The deployment also includes an optional wizard and a sample dataset that is loaded into Amazon Redshift and Kinesis streams to demonstrate data lake capabilities.

This reference architecture is automated by AWS CloudFormation templates that you can customize to meet your specific requirements. For detailed information about the architecture and step-by-step instructions, see the deployment guide.

  • What you'll build

    The Quick Start architecture for the data lake includes the following infrastructure:
    • A virtual private cloud (VPC) that spans two Availability Zones and includes two public and two private subnets.*
    • An Internet gateway to allow access to the Internet.*
    • In the public subnets, managed NAT gateways to allow outbound Internet access for resources in the private subnets.*
    • In the public subnets, Linux bastion hosts in an Auto Scaling group to allow inbound Secure Shell (SSH) access to EC2 instances in public and private subnets.*
    • In a private subnet, a web application instance that hosts an optional wizard, which guides you through the data lake architecture and functionality.
    • IAM roles to provide permissions to access AWS resources; for example, to permit Amazon Redshift and Amazon Athena to read and write curated datasets.
    • In the private subnets, Amazon Redshift for data aggregation, analysis, transformation, and creation of new curated and published datasets. When you launch the Quick Start with the optional wizard and sample data, Amazon Redshift is launched in a public subnet.
    • Integration with other Amazon services such as Amazon S3, Amazon Athena, AWS Lambda, Amazon ES with Kibana, Amazon Kinesis, and Amazon QuickSight.
    • Your choice to create a new VPC or deploy the data lake components into your existing VPC on AWS. The template that deploys the Quick Start into an existing VPC skips the components marked by asterisks above.

    For details, see the Quick Start deployment guide.
  • Deployment details

    You can build your data lake environment on AWS in about 50 minutes, by following a few simple steps:

    1. Sign up for an AWS account, if you don't already have one, at https://aws.amazon.com.
    2. Launch the Quick Start into a new VPC, if you want to build a new AWS infrastructure.
      —or—
      Launch the Quick Start into an existing VPC, if you already have your AWS environment set up.
    3. Test the deployment by checking the resources created by the Quick Start.
    4. If you've included the wizard and the sample dataset in your deployment, use the wizard to explore data lake features.


    The Quick Start includes parameters that you can customize.
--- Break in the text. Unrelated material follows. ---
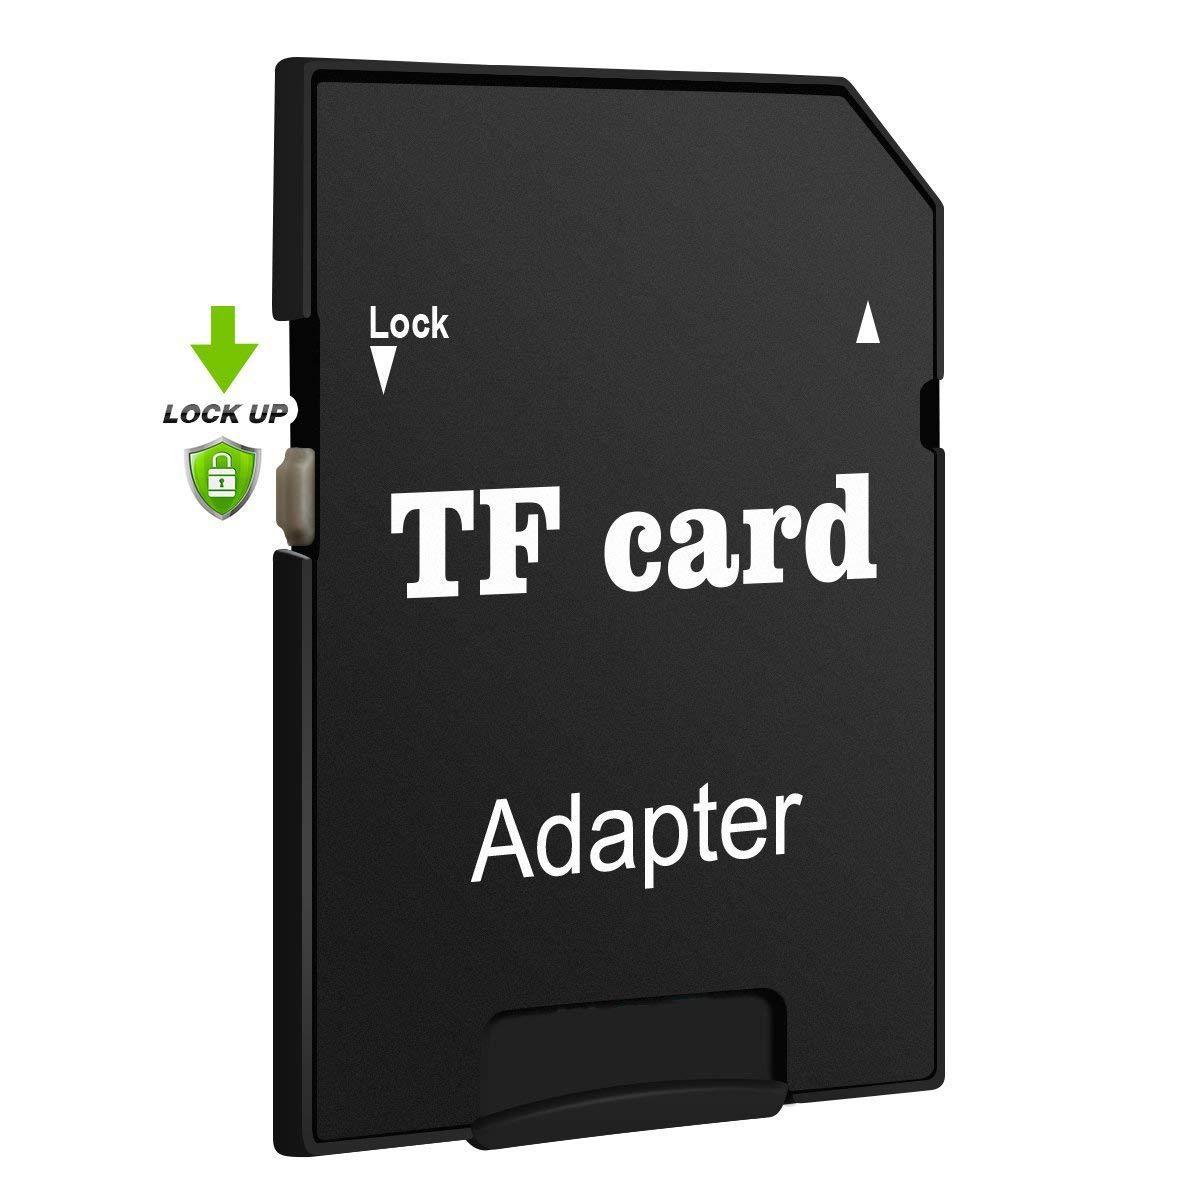 POPRUN 64 GB Micro SD Karte Class 10 Speicherkarte TF Karte SD-Karte Speicher Memory Card mit SDHC Adapter Schwarz
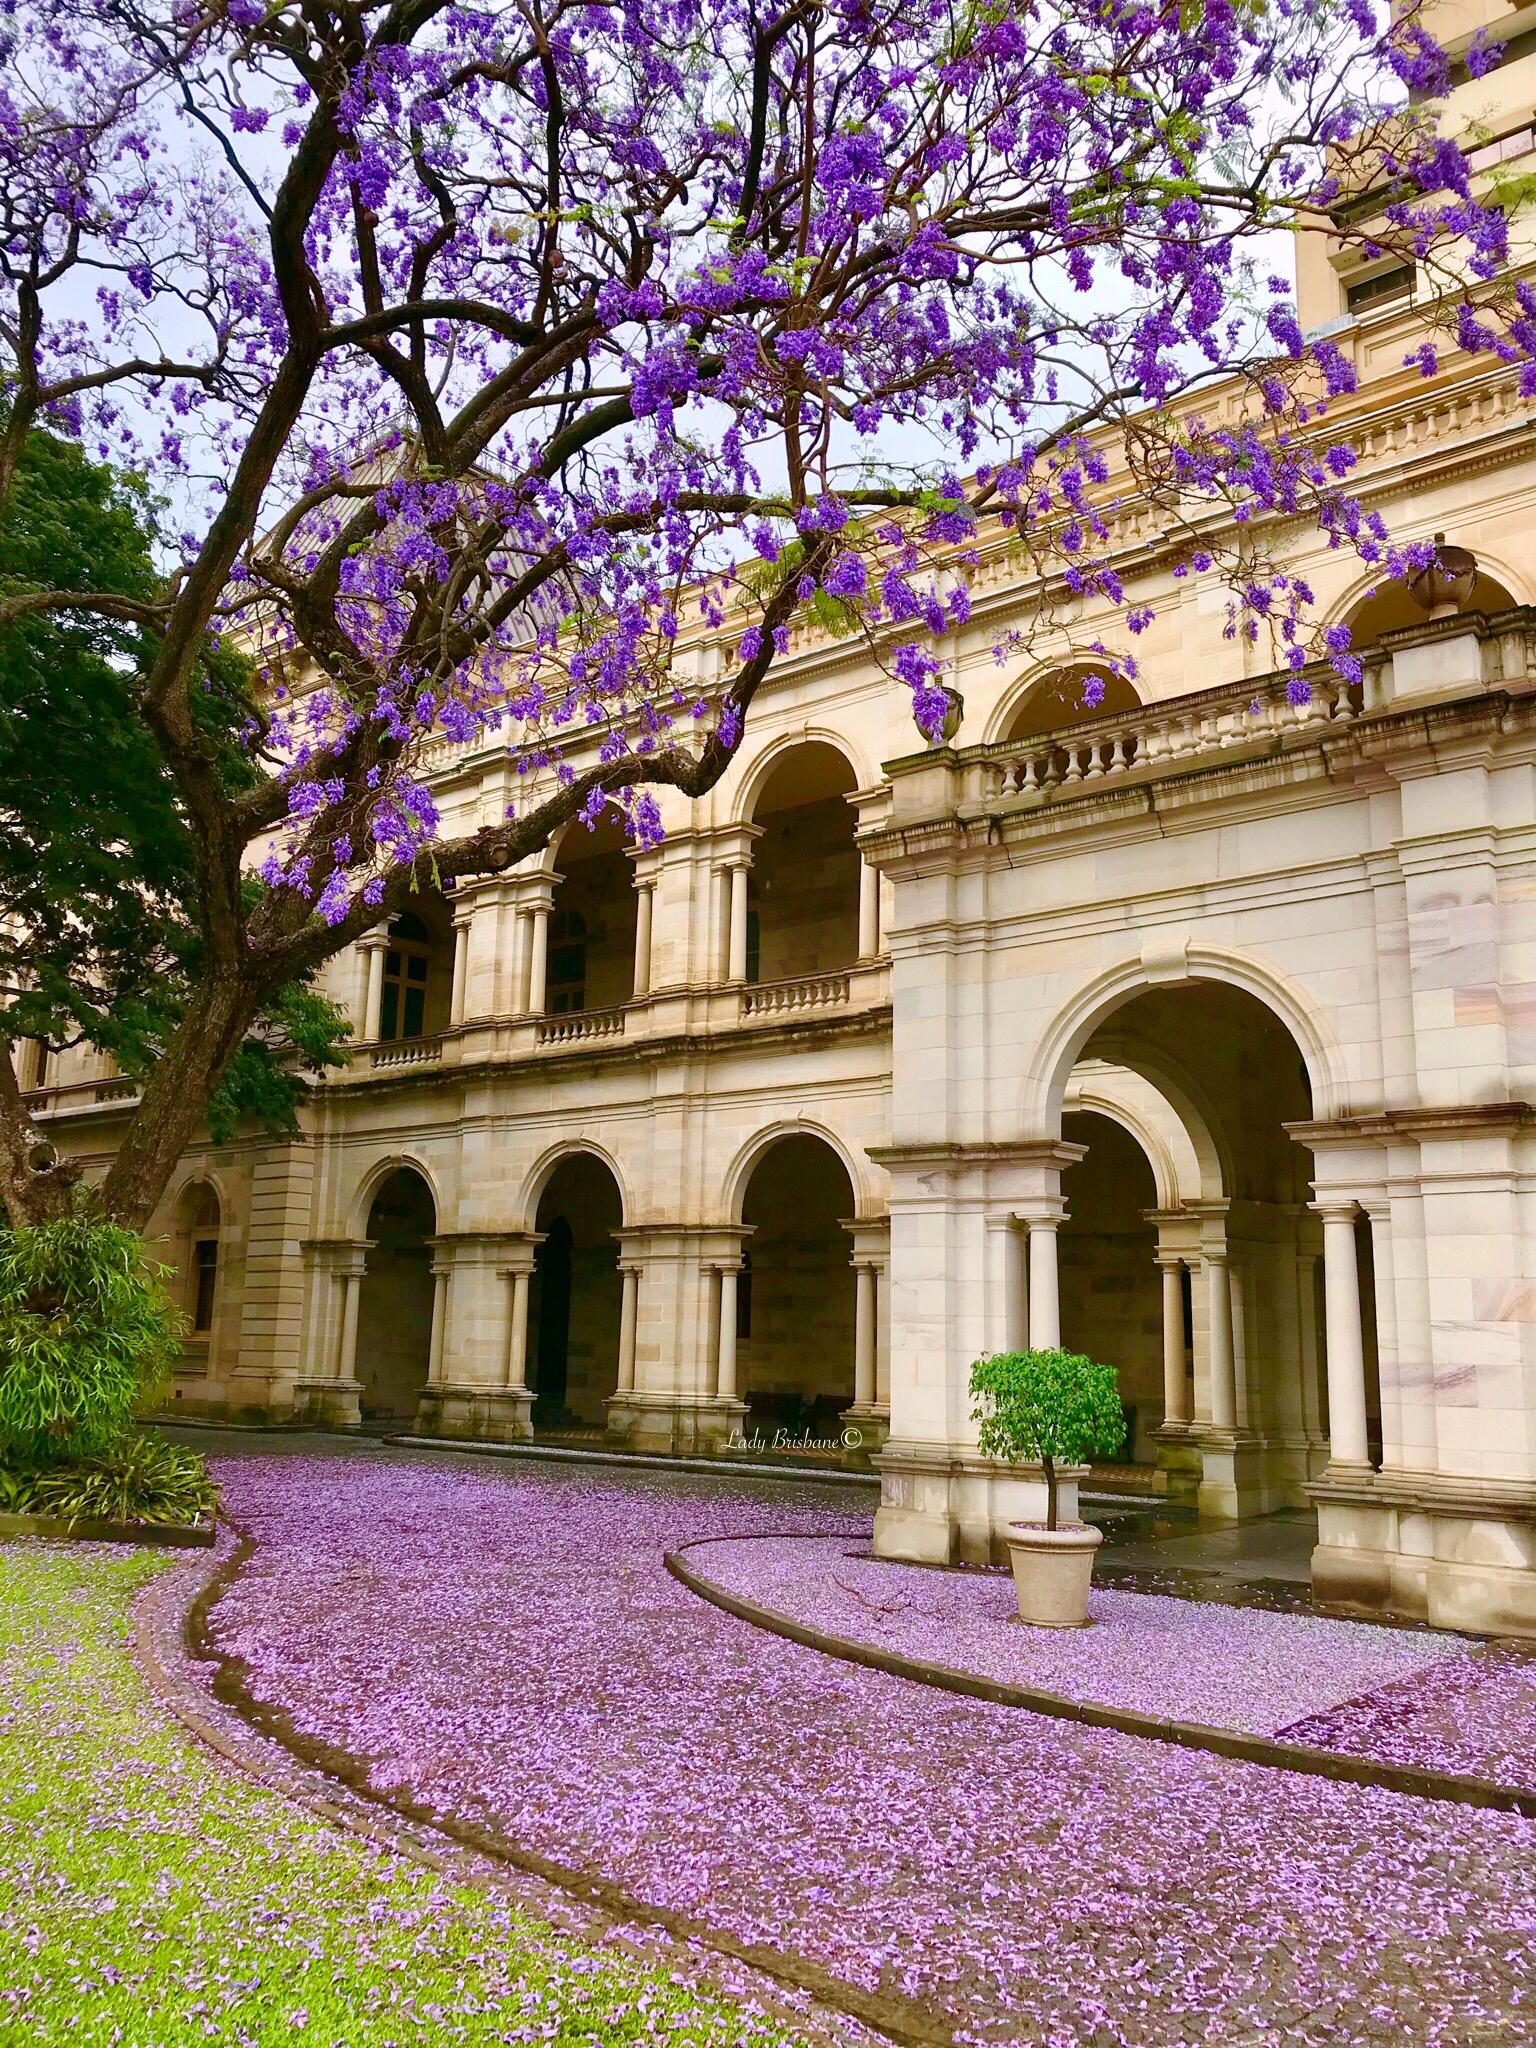 Parliament House, Brisbane.

For example, you can configure your network or customize the Amazon Redshift, Kinesis, and Elasticsearch settings. You can also extend the sample dataset or use your own dataset.

    For complete details, see the Quick Start deployment guide.

  • Cost and licenses

    You are responsible for the cost of the AWS services used while running this Quick Start reference deployment. There is no additional cost for using the Quick Start. 

    The AWS CloudFormation templates for this Quick Start include configuration parameters that you can customize. Some of these settings, such as instance type, will affect the cost of deployment. See the pricing pages for each AWS service you will be using for cost estimates.

    Because this Quick Start uses AWS-native solution components, there are no costs or license requirements beyond AWS infrastructure costs. This Quick Start also deploys Kibana, which is an open-source tool that’s included with Amazon ES.